KStreamBuilder kStreamBuilder = new KStreamBuilder();
KStream<String, String> lines = kStreamBuilder.stream(TOPIC);
KTable<Windowed<String>, String>  kt = lines.aggregateByKey(
            new DBAggregateInit(),
            new DBAggregate(),
            TimeWindows.of("write_aggregate2", 30000));

DBProcessorSupplier dbProcessorSupplier = new DBProcessorSupplier();

kt.toStream().process(dbProcessorSupplier);
KafkaStreams kafkaStreams = new KafkaStreams(kStreamBuilder, streamsConfig);

kafkaStreams.start();

The KTable is grouping values by key every 30 seconds. In Processor.init() I call context.schedule(30000).

DBProcessorSupplier provides an instance of DBProcessor. This is an implementation of AbstractProcessor where all the overrides have been provided. All they do is LOG so I know when each is being hit.
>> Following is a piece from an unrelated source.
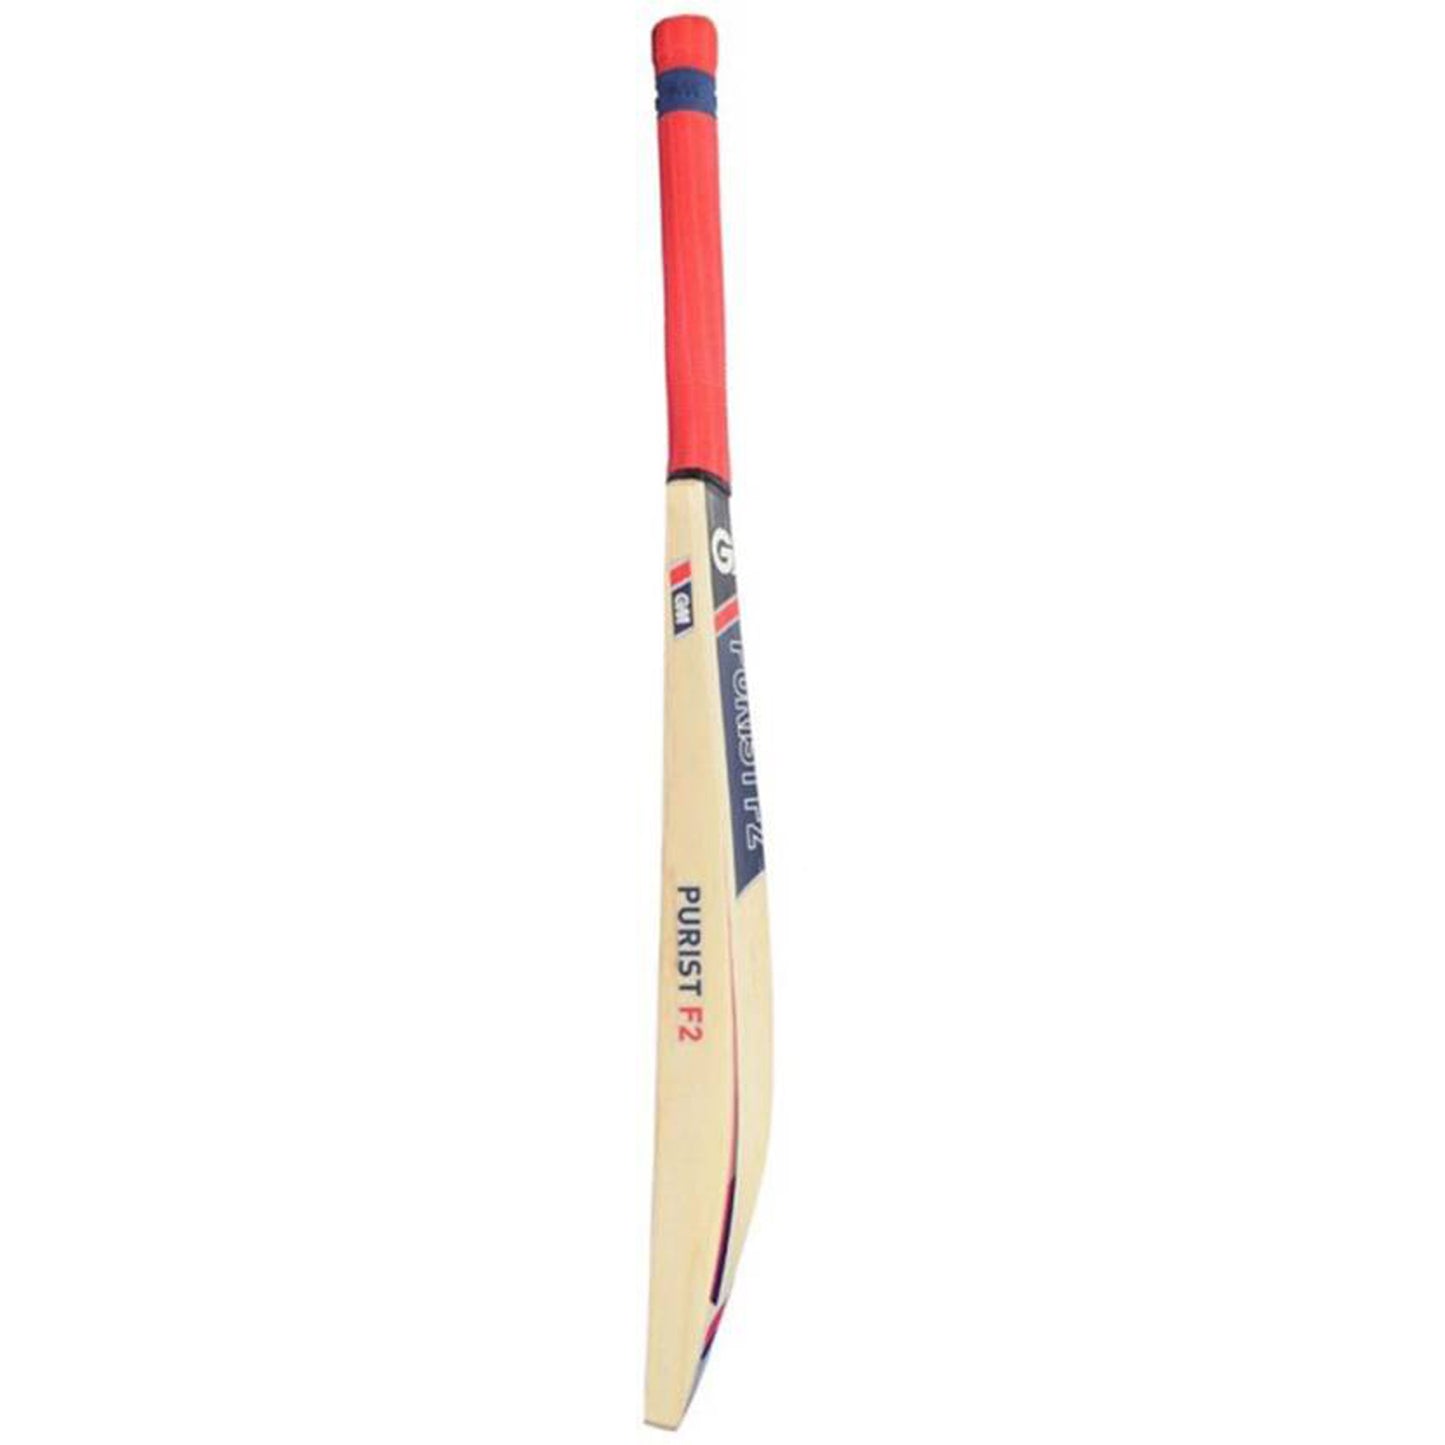 GM Purist F2 Striker Kashmir Willow Cricket Bat - Best Price online Prokicksports.com

It's a pretty simple topology but it's clear I'm missing a step somewhere.

Edit:

I get that I can adjust this on the server side but Im hoping there is a client-side solution. I like the notion of partitions being made available pretty quickly when a client exits / dies.

Edit:

In an attempt to simplify the problem I removed the aggregation step from the graph. It's now just consumer->processor(). (If I send the consumer directly to .print() it works v quickly so I know it's ok). (Similarly If I output the aggregation (KTable) via .print() it seems ok too).

What I found was that the .process() - which should be calling .punctuate() every 30 seconds is actually blocking for variable lengths of time and outputting somewhat randomly (if at all).

Further:

I set the debug level to 'debug' and reran. Im seeing lots of messages:

DEBUG  o.a.k.s.p.internals.StreamTask - Start processing one record [ConsumerRecord <info>

but a breakpoint in the .punctuate() function isn't getting hit. So it's doing lots of work but not giving me a chance to use it.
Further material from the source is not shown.